Cerium

Chemical Formula

Background

Cerium was discovered in 1803 by both Klaproth and by Berzelius and Hisinger. However, Hillebrand and Hisisnger produced the metal much later in 1875. It is the most abundant of the rare earth metals and is found in a number of minerals, which include allanite (also know as orthite), monazite, bastnasite, cerite and samarskite. Monazite and bastnasite are presently the two most important sources of cerium.

Metallic cerium is prepared by metallothermic reduction techniques that produce high-purity cerium. Examples of such processes include the reduction of cerous fluoride with calcium, or the electrolysis of molten cerous chloride or other cerous halides.

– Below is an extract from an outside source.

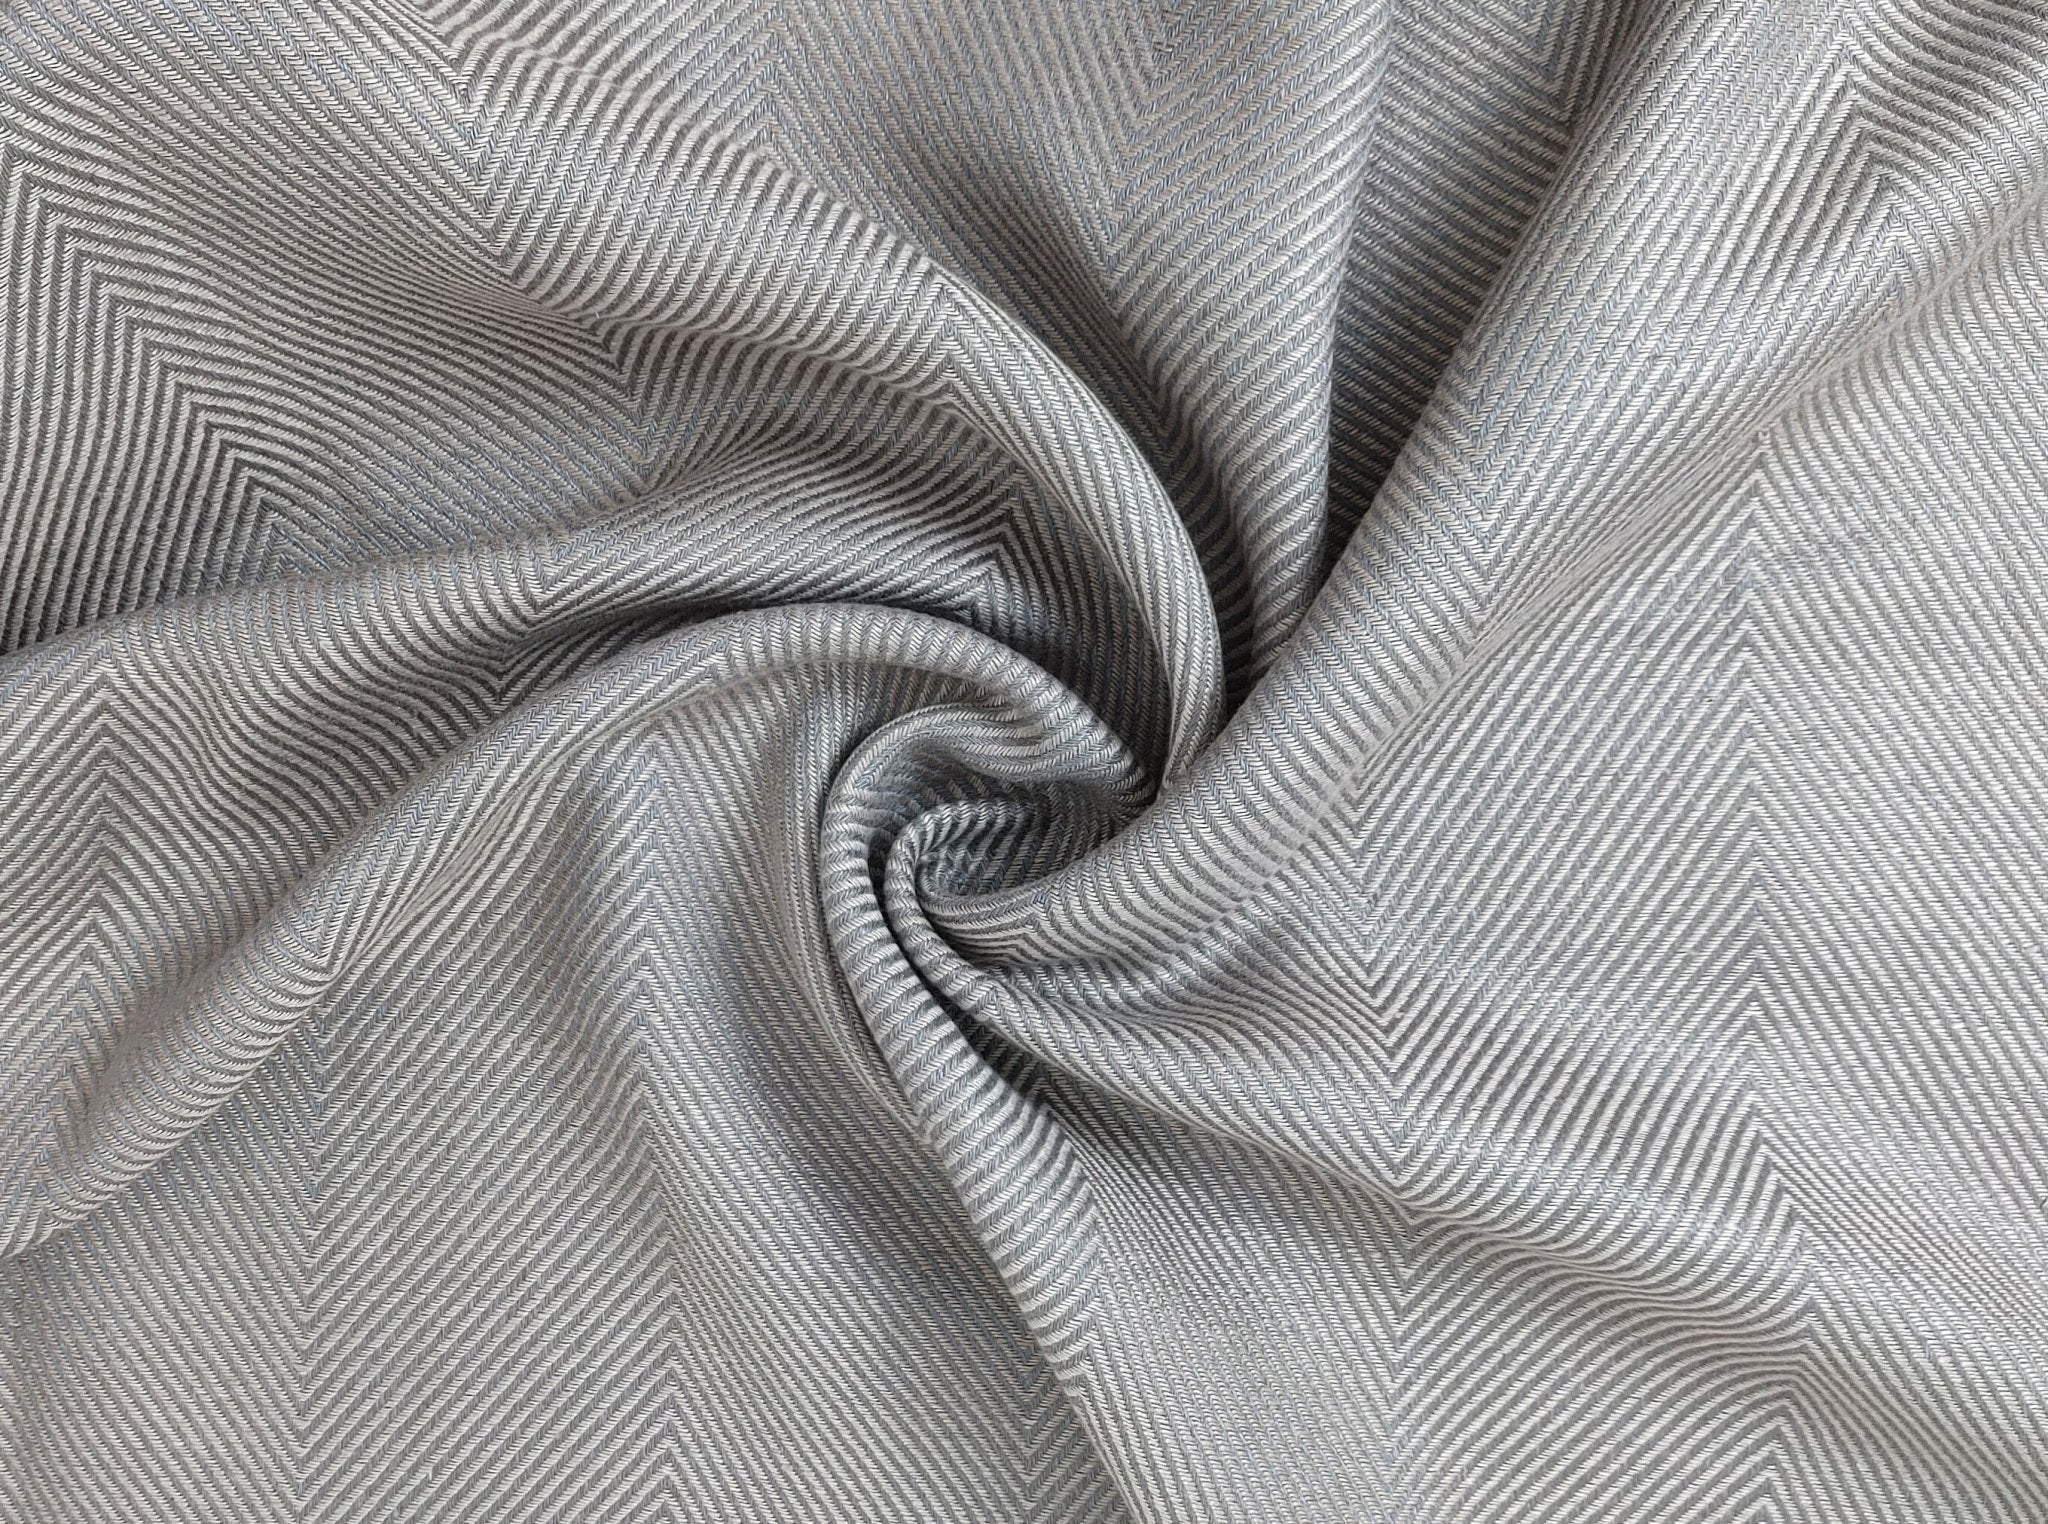 Luxurious Linen-Rayon HBT Fabric: Big Size with Two-Tone Chambray Design 6062 6063 - The Linen Lab - Beige

Cerium is an iron-grey lustrous metal, and is malleable and oxidises very readily at room temperature, especially in moist air. It is the most reactive of the rare earth metals except for europium. Both alkali and acid solutions attack the metals rapidly. The pure metal is likely to ignite if scratched with a knife-like instrument.

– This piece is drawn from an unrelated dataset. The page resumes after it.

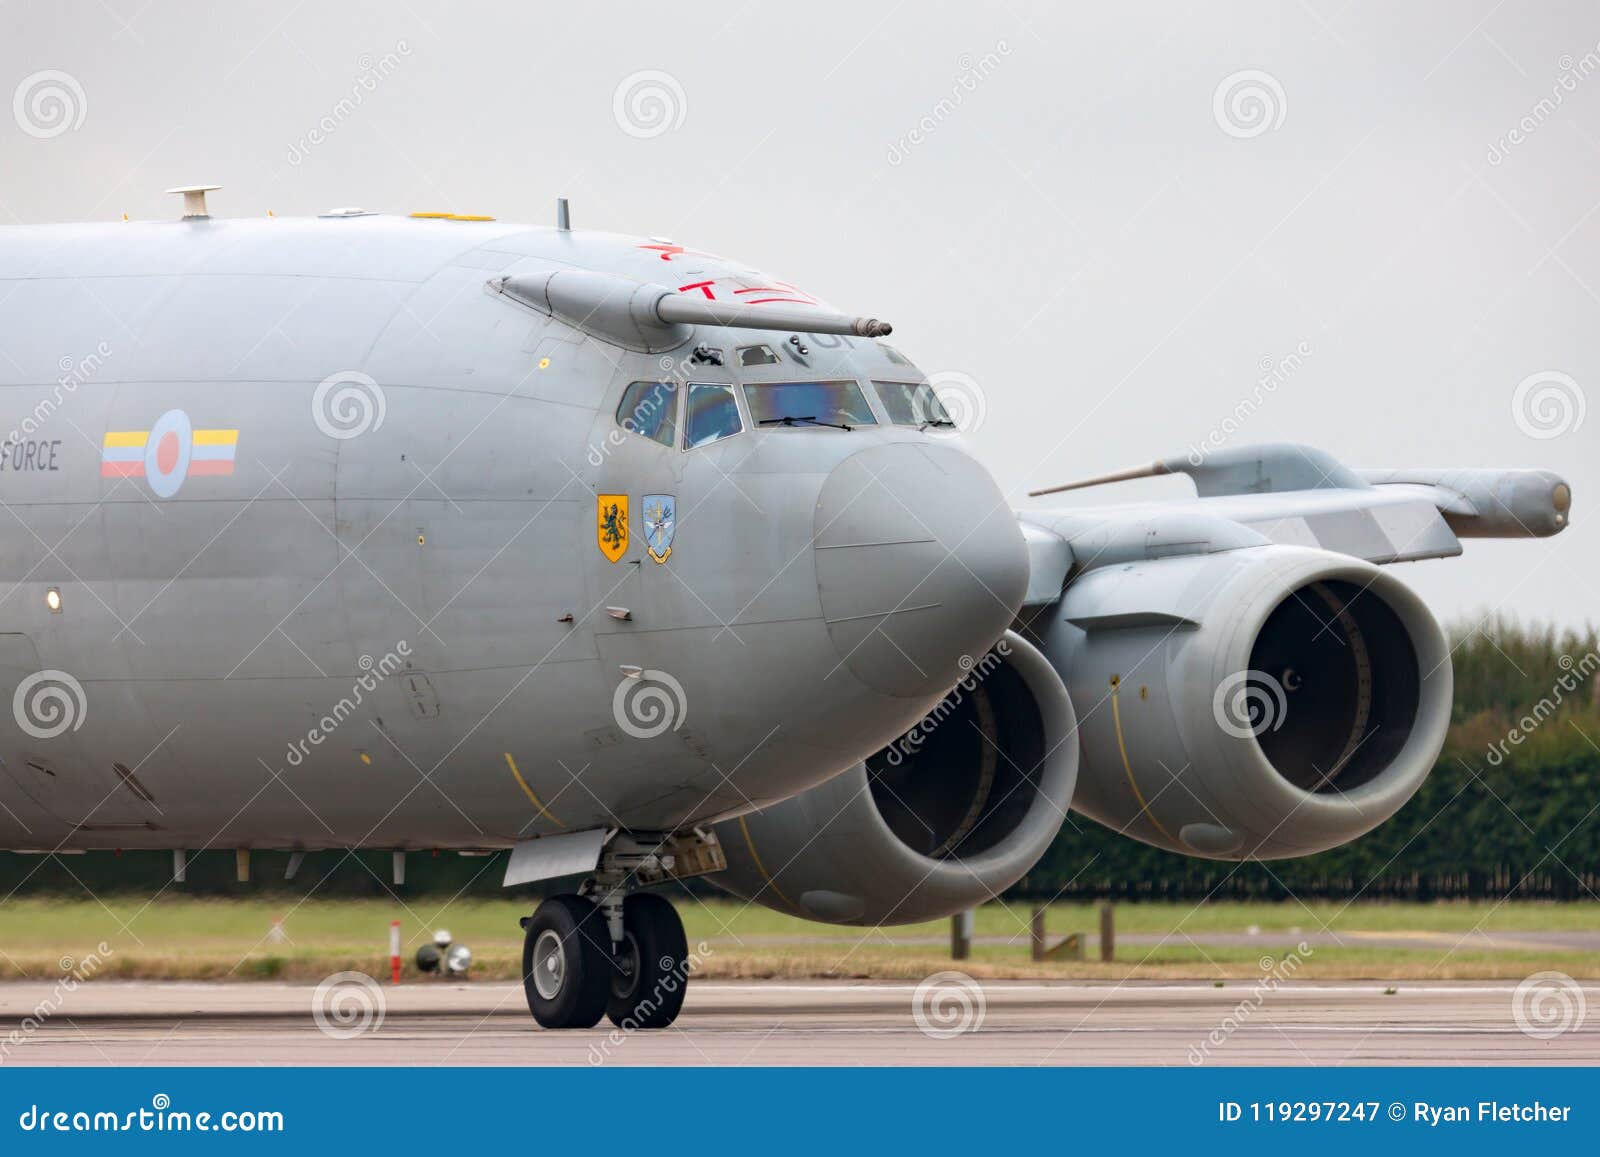 Royal Air Force Raf Boeing E 3d Sentry Airborne Early Warning Awacs Aircraft Zh101 At Royal Air Force Station Waddington Editorial Photography Image Of Armed Force

Cerium has a variable electronic structure, which means only small amounts of energy are required to change the relative occupancy of the electronic levels. This gives rise to dual valency states. An example of this is when cerium is subjected to high pressure or low temperatures a volume change of approximately 10% results.

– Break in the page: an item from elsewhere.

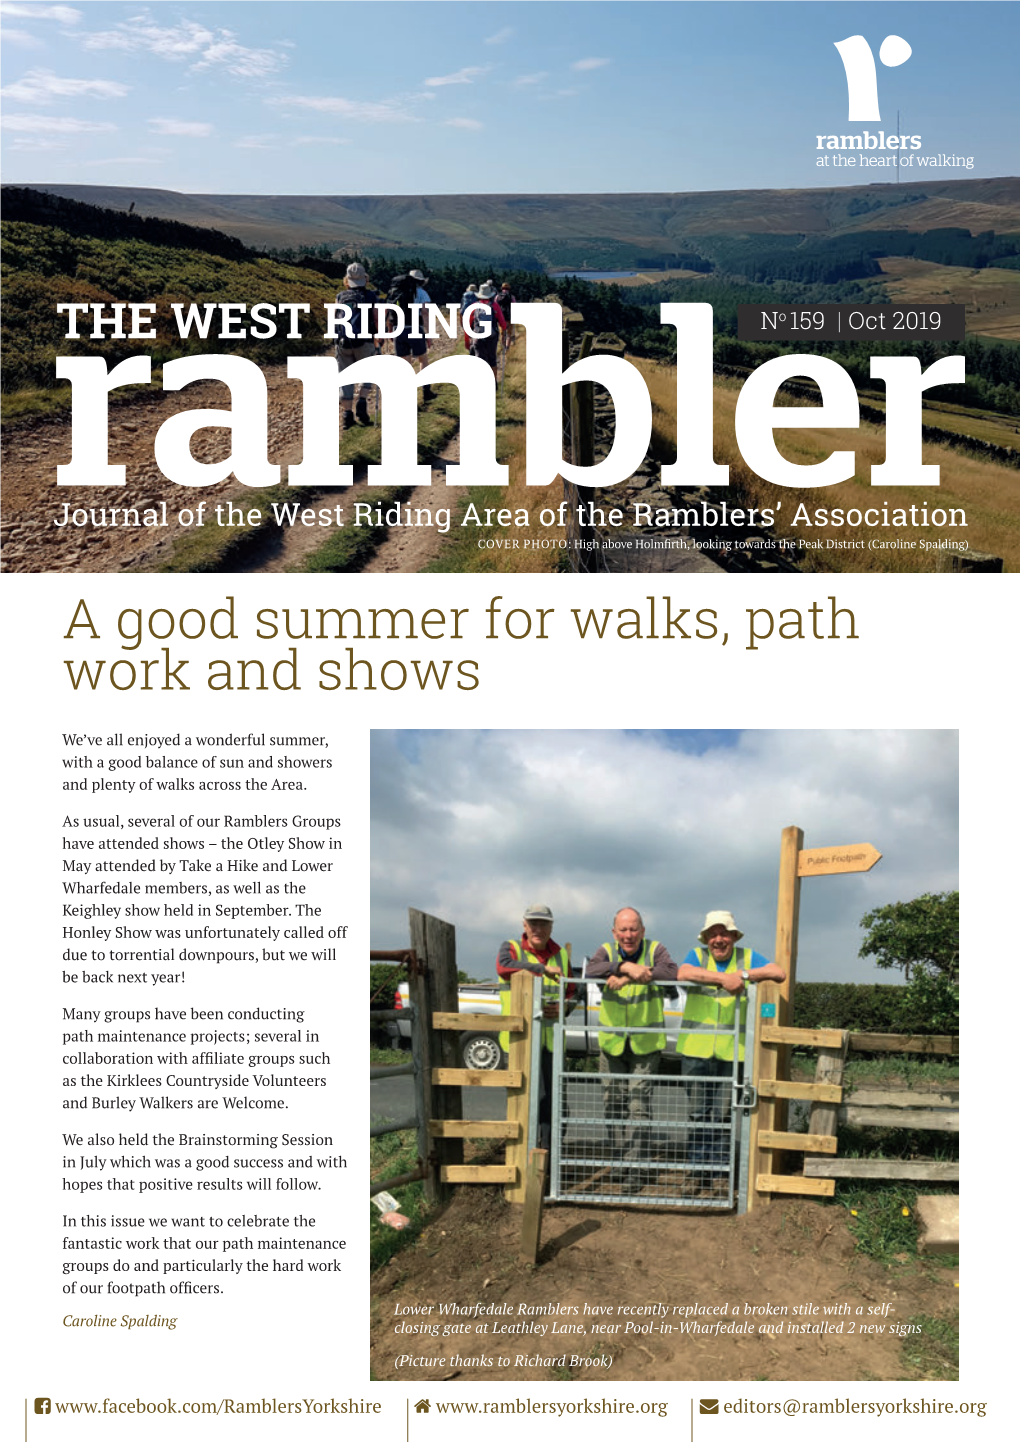 A Good Summer for Walks, Path Work and Shows

Cerium exhibits complex low temperature behaviour. It is believed that there are four allotropic modifications:

· At room temperature and atmospheric pressure is known as g cerium

· Below -16°C g cerium changes to b cerium

· Below -172°C b cerium begins to change to a cerium

· The transformation is complete at -269°C.

Applications

Cerium is a component in misch-metal (German for mixed–metal), which is used in the manufacture of:

· Pyrophoric alloys for cigarette lighters.

· Making aluminium alloys and in some steels and irons.

· In cast iron it opposes graphitisation and produces a malleable iron

· In steels it removes sulphides and oxides and completely degasifies.

· In stainless steel it is used as a precipitation-hardening agent.

· In magnesium alloys for castings it is used from anywhere between 3 to 4% with 0.2 to 0.6% zirconium, both of these refine the grain and give sound casting of complex shapes. It also adds heat resistance to magnesium castings.

Other uses for cerium and cerium containing compounds include:

· As ceric sulphate it is used extensively as a volumetric oxidising agent in quantitative analysis.

· Cerium compounds are used in the manufacture of glass, as a component and a decolouriser.

· Cerium oxide is used as a glass-polishing agent.

· Cerium in conjunction with other rare earth metals is used in carbon-arc lighting, which is implemented in the motion picture industry.

· Cerium is used to store hydrogen as it reacts with it at room temperature to form its hydrides.